Professional Development:

  • Industry standard for writing programs

  • Easier to share and version control (Git/GitHub)

  • Can be run from command line

  • Better for larger projects

Practical Benefits:

  • Reusable programs you can run anytime

  • Can schedule scripts to run automatically

  • Better organization for complex programs

  • Easier debugging

The if __name__ == "__main__": Pattern#

You’ll often see this at the bottom of Python scripts:

def calculate_area(length, width):
    """Calculate area of a rectangle."""
    return length * width

def main():
    """Main program execution."""
    print("Rectangle Area Calculator")
    length = float(input("Enter length: "))
    width = float(input("Enter width: "))
    area = calculate_area(length, width)
    print(f"Area: {area}")

if __name__ == "__main__":
    main()

What does this mean?

When you run a Python file directly (like python calculator.py), Python sets a special variable __name__ to "__main__". This tells Python “this is the main program being run.”

Why do we use it?

Two reasons:

  1. Organization: Separates the main program logic from function definitions

  2. Reusability: Other Python files can import your functions without running your main program

Simple analogy:

  • Imagine a cookbook (your script)

  • The recipes (functions) can be used by anyone

  • The if __name__ == "__main__": part says “only follow these dinner party instructions if you’re actually hosting the party (running this file directly)”

For now, you can think of it as: “This is where my program starts when I run this file.”

Script Structure Best Practices#

A well-organized script typically looks like this:

"""
Script description at the top.
Author: Your Name
Date: 2026-03-16
"""

# Imports
import math
import numpy as np

# Constants (values that don't change)
PI = 3.14159
GRAVITY = 9.81

# Function definitions
def calculate_something(param1, param2):
    """Function docstring explaining what it does."""
    result = param1 + param2
    return result

def another_function():
    """Another helper function."""
    pass

# Main program
if __name__ == "__main__":
    # Main program code goes here
    print("Program starting...")
    result = calculate_something(5, 10)
    print(f"Result: {result}")

Why this structure?

  • Documentation at top - Anyone opening the file knows what it does

  • Imports together - Easy to see dependencies

  • Constants clearly defined - Magic numbers explained

  • Functions before use - Python needs to know about functions before calling them

  • Main at bottom - Standard convention, easy to find


Part 2: File Input and Output (I/O)#

Why Work with Files?#

Until now, all your data disappeared when the program ended.
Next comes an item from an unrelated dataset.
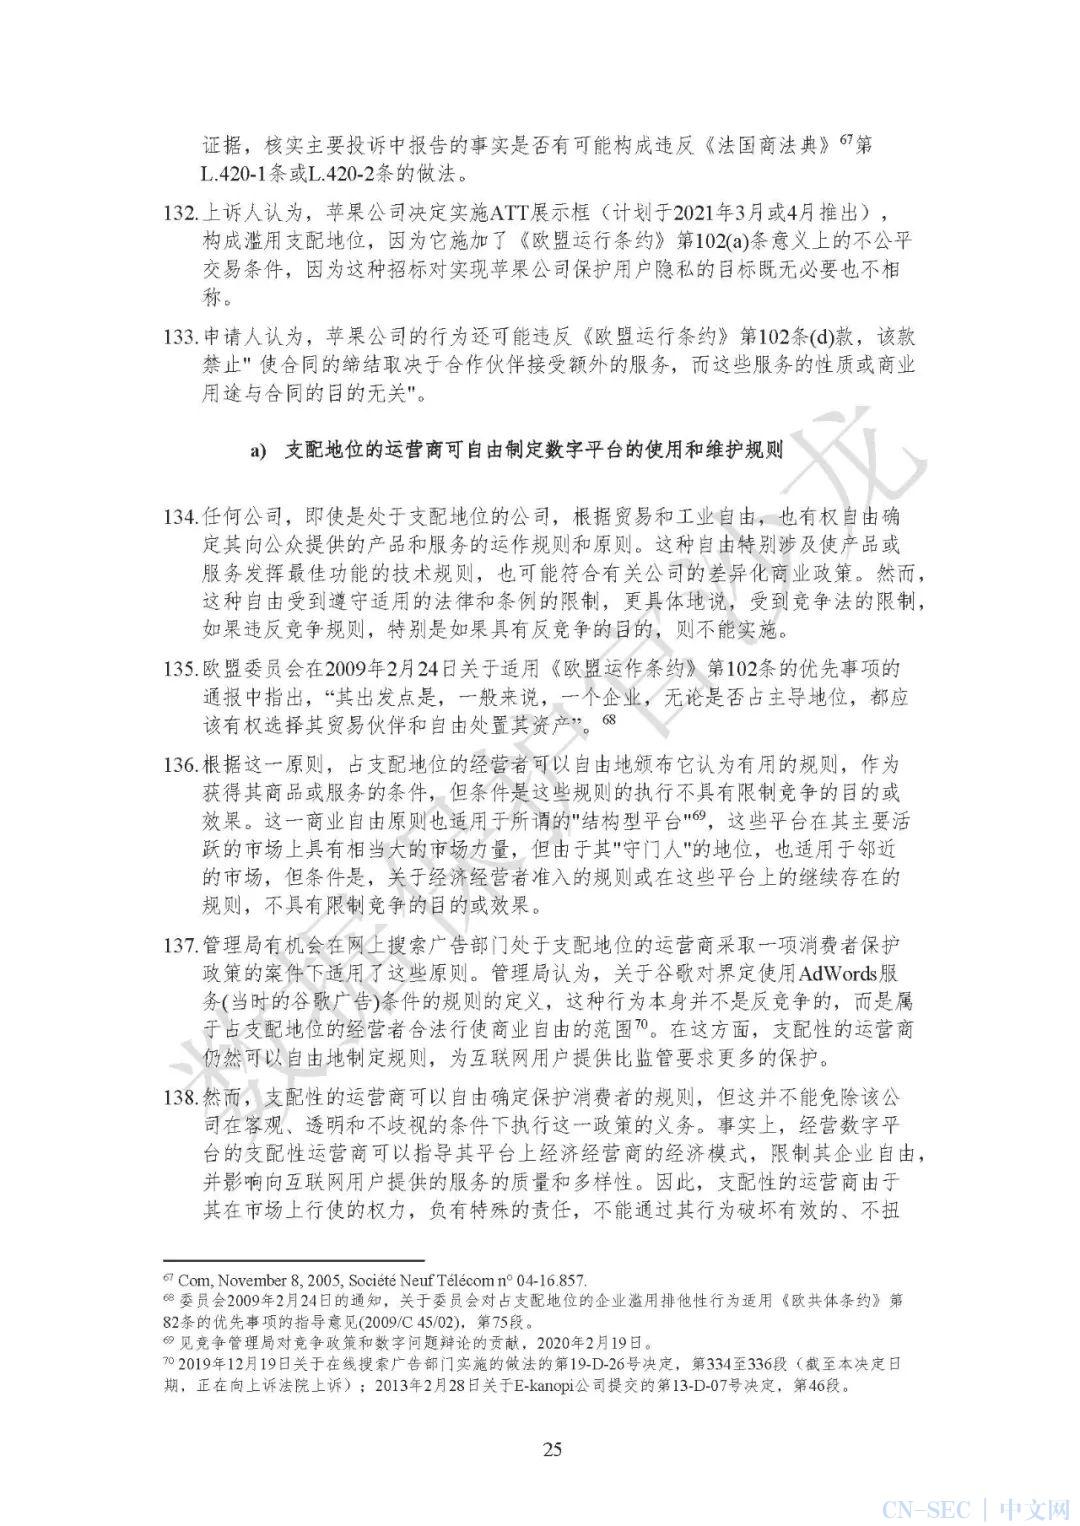 法国竞争管理局对苹果iOS限制APP追踪措施的初步决定全文翻译(下篇)

Files let you:

  • Save results to use later

  • Process large datasets

  • Share data with other programs

  • Create logs and reports

  • Read configuration settings

Real-world applications:

  • Reading sensor data from a CSV file

  • Saving calculation results

  • Processing experimental data

  • Creating automated reports

  • Logging program activity

The Basics: Opening and Closing Files#

The old way (NOT recommended):

# Old way - you have to remember to close!
file = open('data.txt', 'r')
content = file.read()
file.close()  # Easy to forget!

The modern way (ALWAYS use this):

# Modern way - automatically closes the file
with open('data.txt', 'r') as file:
    content = file.read()
# File is automatically closed here

The with Statement (Context Manager)#

The with statement is like having an assistant who:

  1. Opens the door for you

  2. Lets you do your work

  3. Closes and locks the door when you’re done - even if something goes wrong

Why it’s better:

  • Automatic cleanup: File always closes, even if there’s an error

  • Less code: No need to remember file.close()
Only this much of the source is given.